Christmas in Slovenia; Markets, Food, Traditions and more!

Slovenia hasn’t been celebrating Christmas for that long, well not in the form that many of us know it. However, the country has certainly caught up with, and caught onto, the festive spirit and now there are Christmas-related events happening throughout the land.

So, how is Christmas celebrated in Slovenia? What is/isn’t open? What is there to do, where to go?
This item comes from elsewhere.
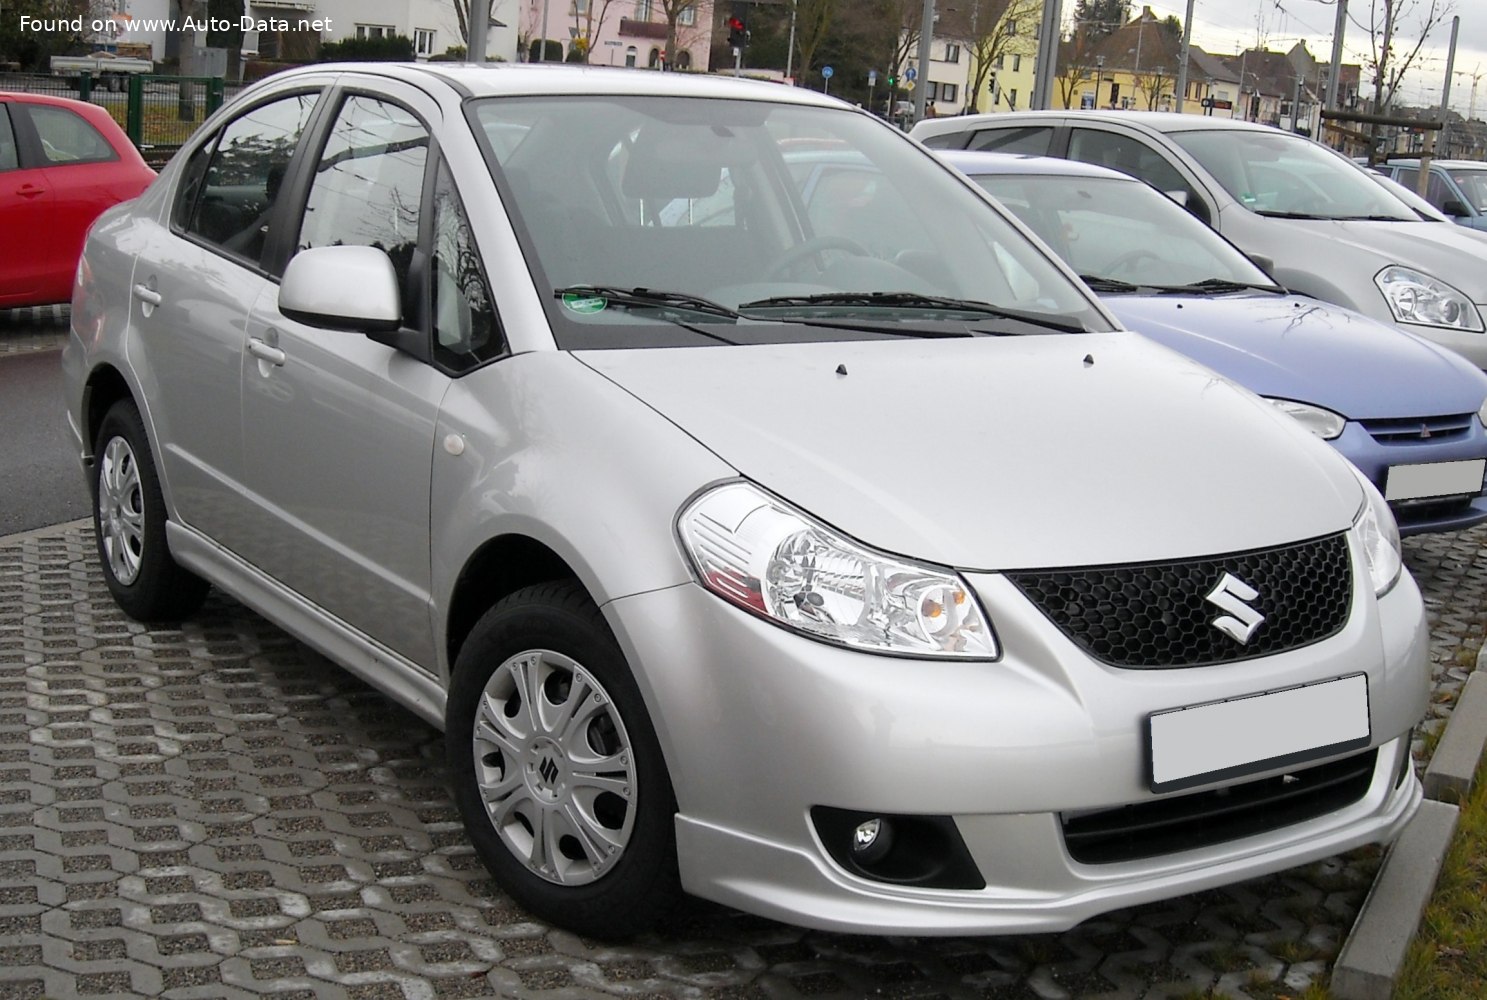 2007 Suzuki SX4 Sedan Technical Specs, Fuel consumption

As in many other countries in Europe, the evening of the 24th is when most families celebrate and get together for a special meal, exchange gifts and/or attend midnight mass. If you are visiting Slovenia at that time it is worth noting that many restaurants may be closed on this evening or close earlier than usual. Shops are usually open on the 24th but close a little earlier than usual. All shops are closed on the 25th and again this is a family day, often for some recreational activities perhaps skiing, hiking or visiting relatives. The 26th is also a public holiday, ‘Independence and Unity Day’ and therefore again many shops and business will be closed although these days most of the larger ones are open, at least for a few hours in the morning.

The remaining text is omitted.